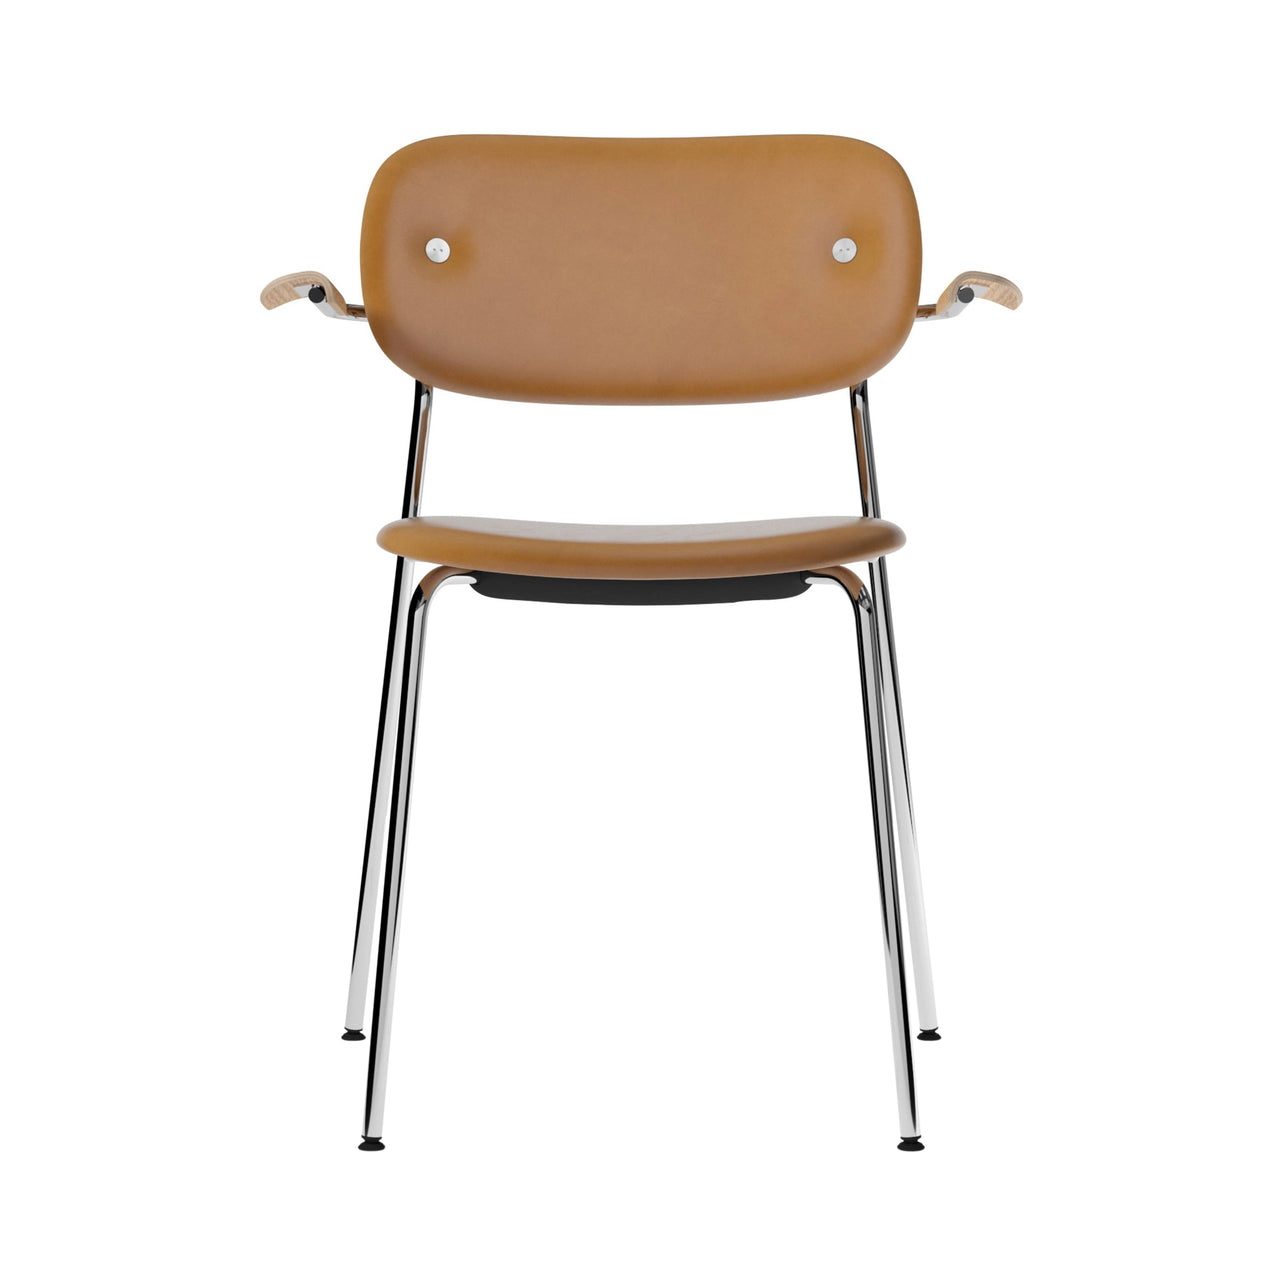 Co Chair with Armrests: Fully Upholstered + Chrome + Natural Oak + Dakar 0250
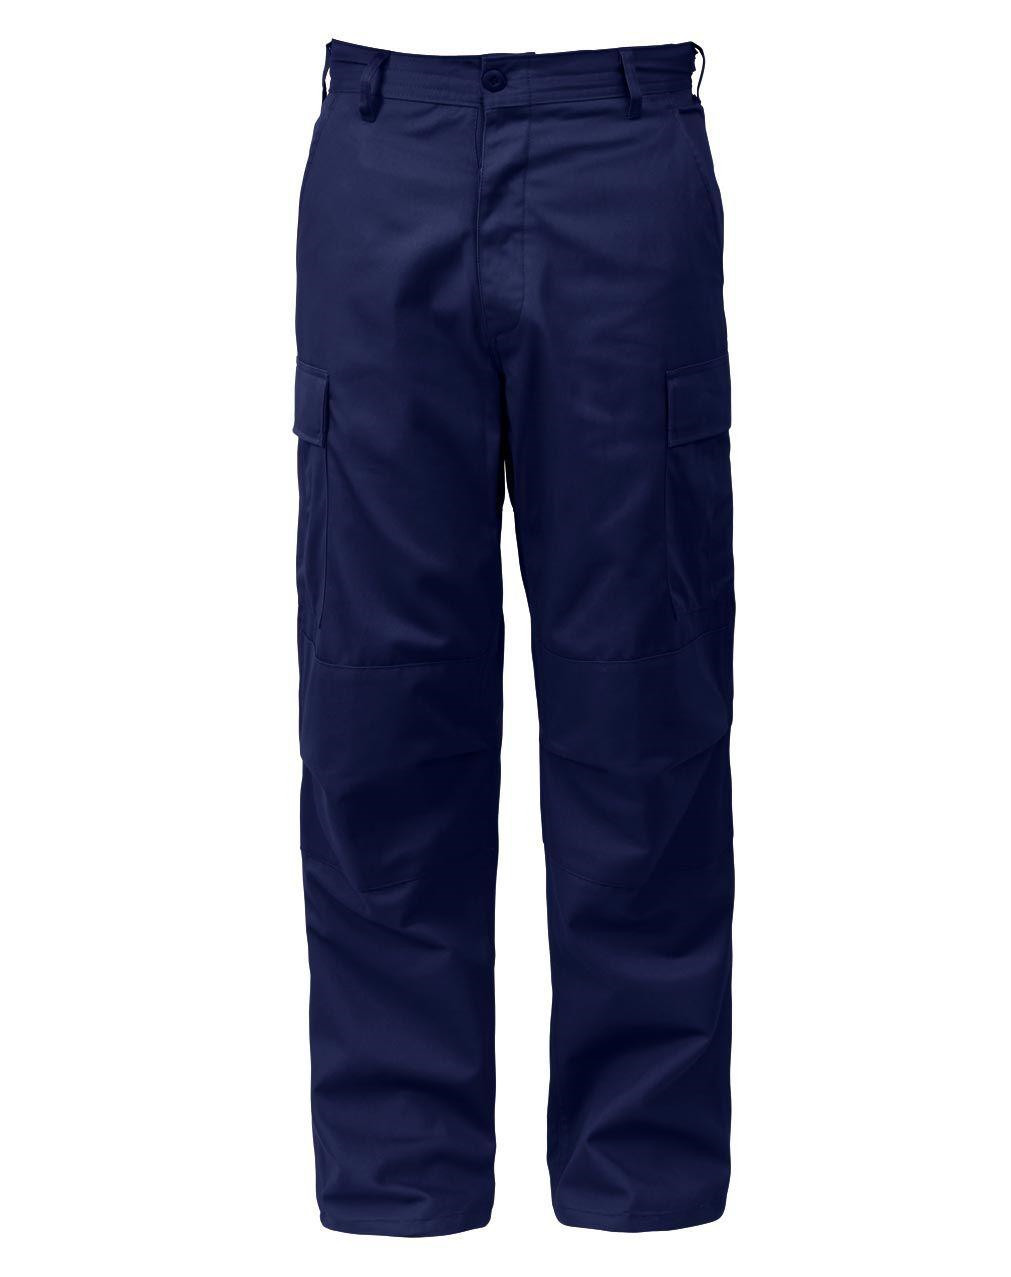 #2 - Rothco Uniform Bukser (Navy, XL)
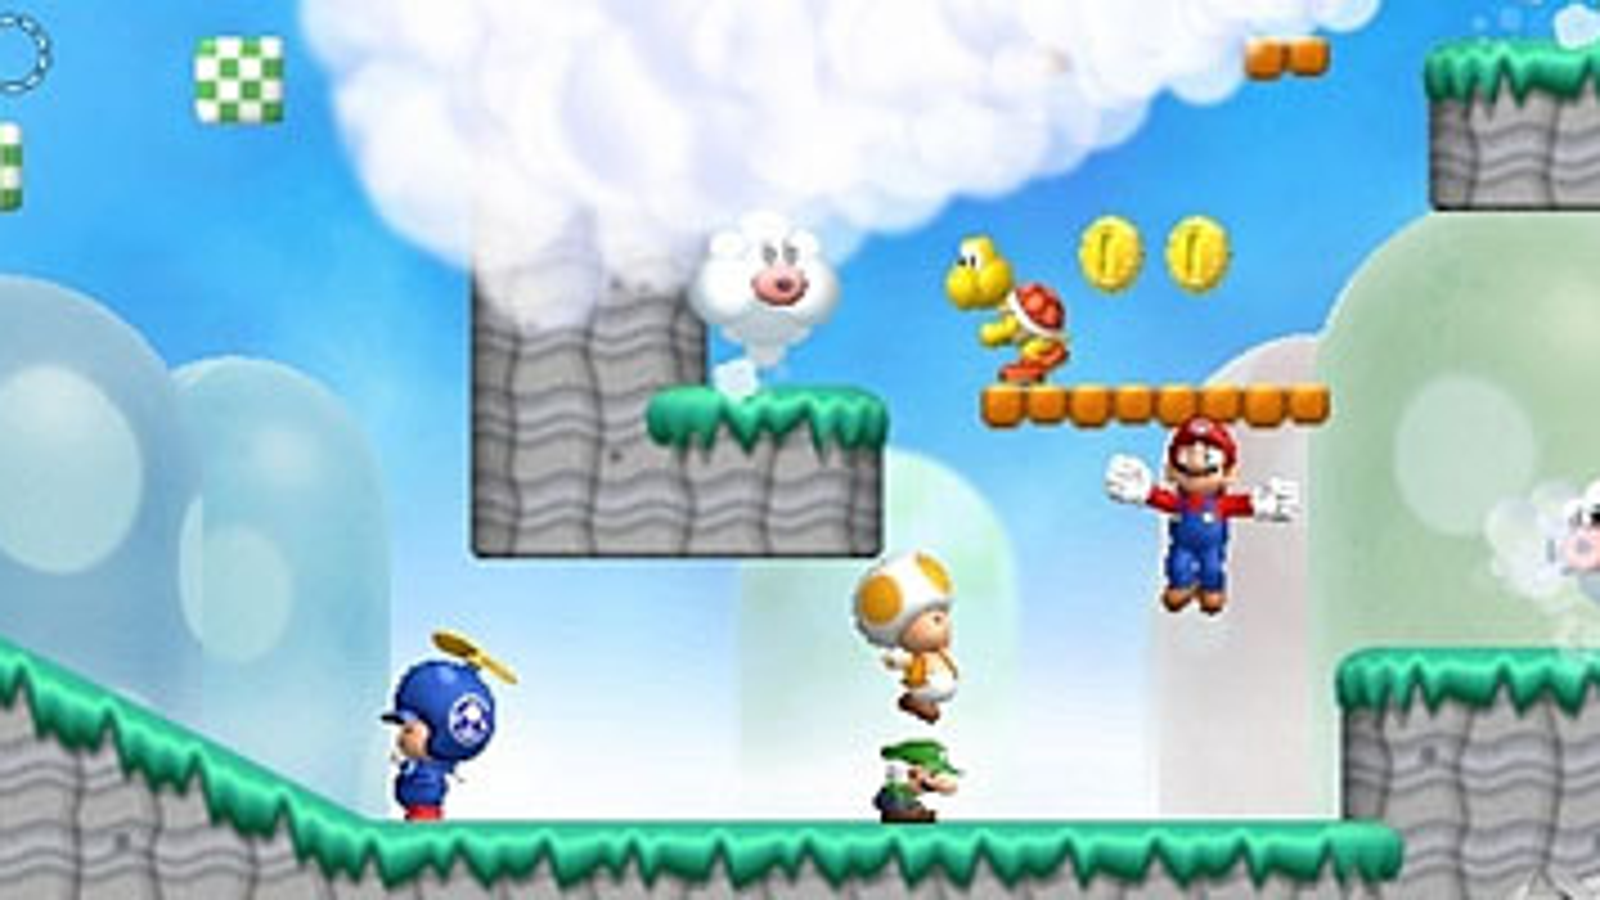 discretie levenslang Verdienen New Super Mario Bros. Wii sells 2.5 million units in Europe | VG247
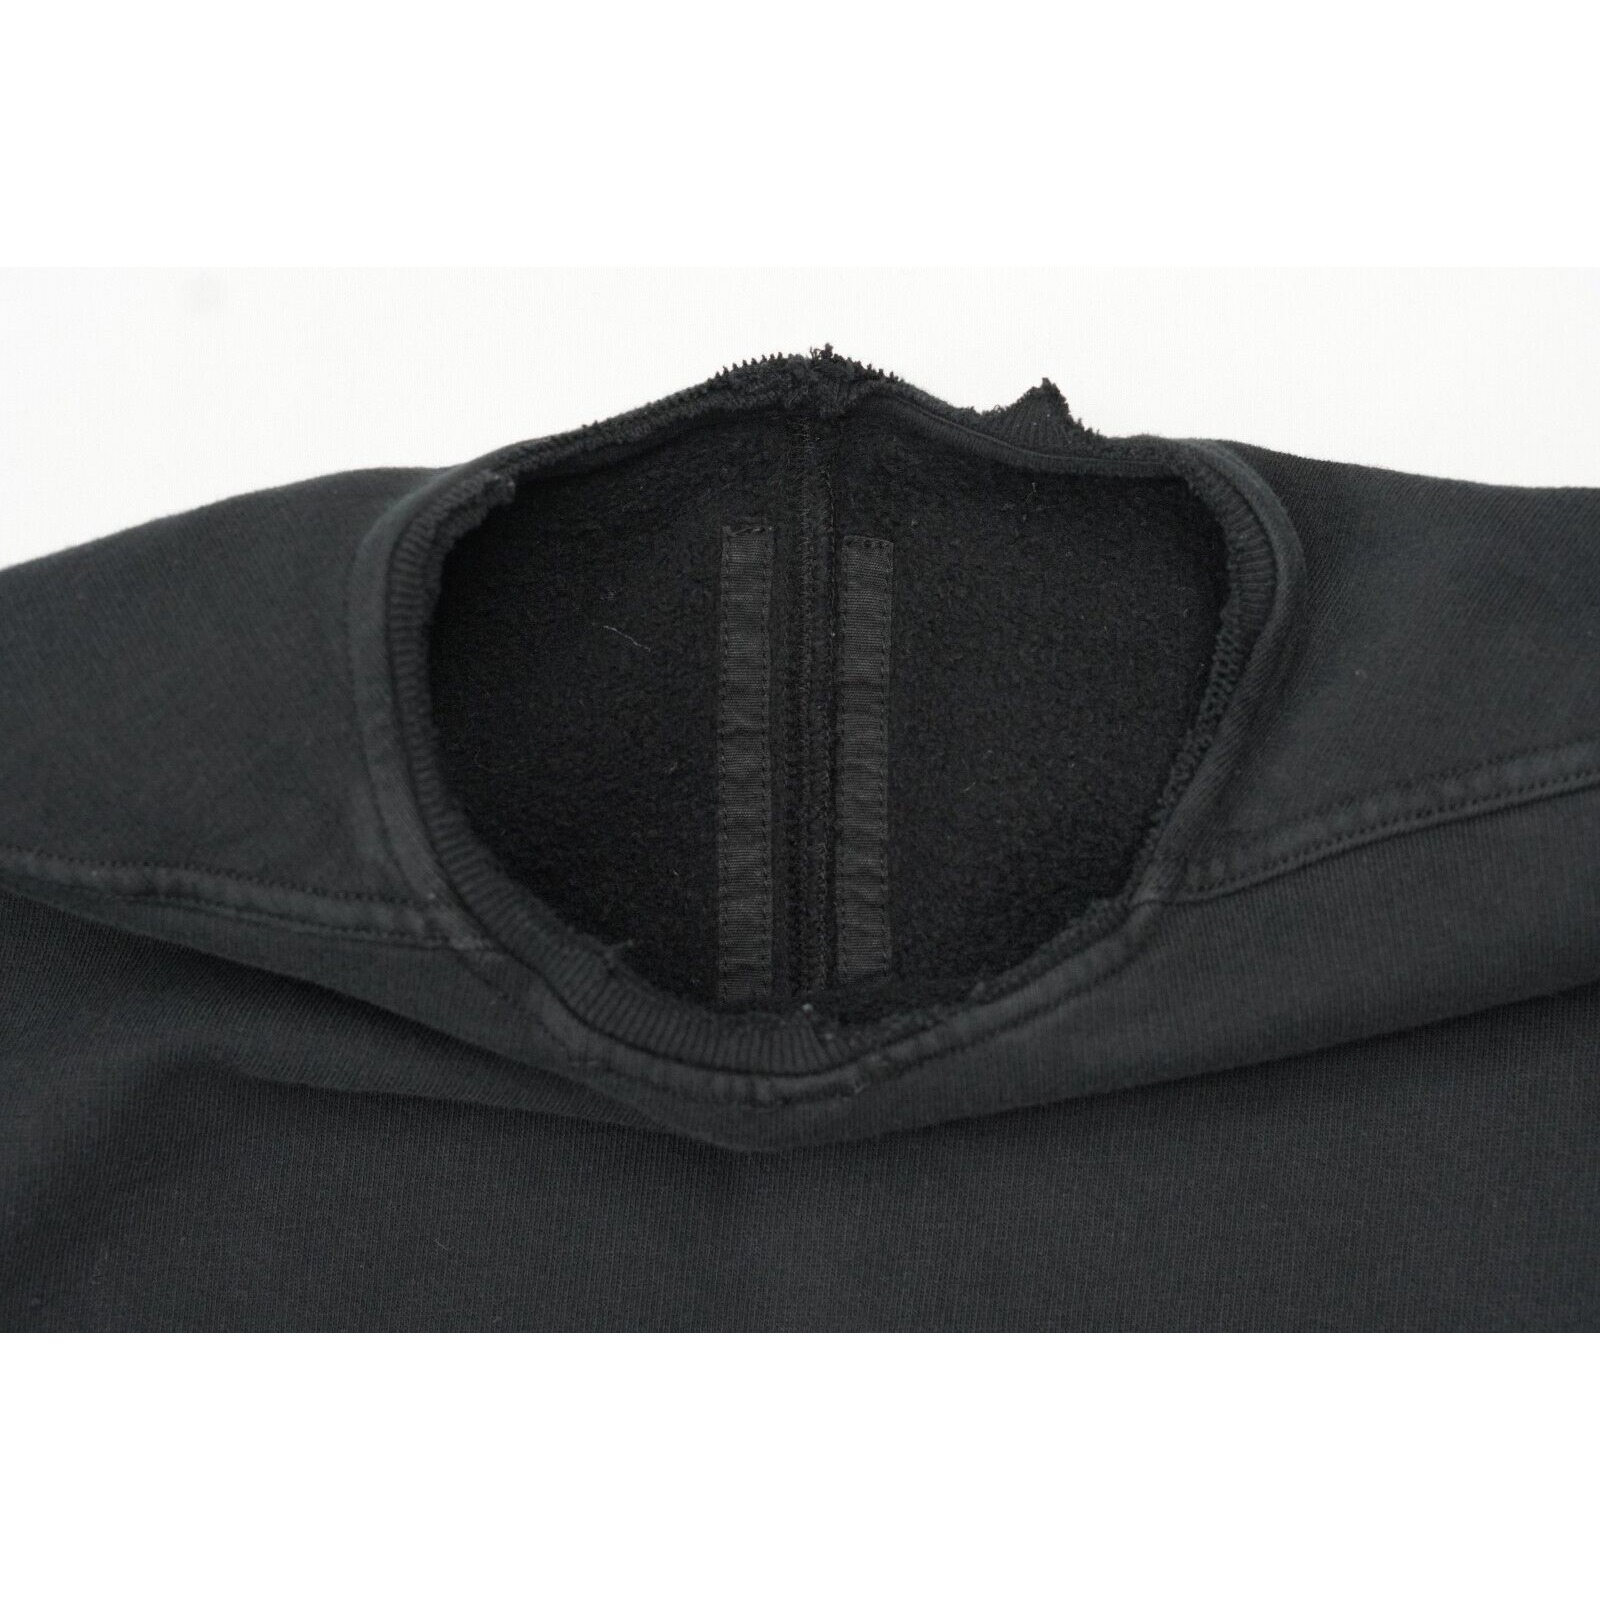 Jumbo Black Sleeveless Sweater Shirt Oversized SS16 Cyclops - 2

•••••

→ **Work request**: Skip every picture, and give the rest of the material above again exactly.

→ **Result of the exercise**:
 Co Chair with Armrests: Fully Upholstered + Chrome + Natural Oak + Dakar 0250
 #2 - Rothco Uniform Bukser (Navy, XL)
 discretie levenslang Verdienen New Super Mario Bros. Wii sells 2.5 million units in Europe | VG247
 Jumbo Black Sleeveless Sweater Shirt Oversized SS16 Cyclops - 2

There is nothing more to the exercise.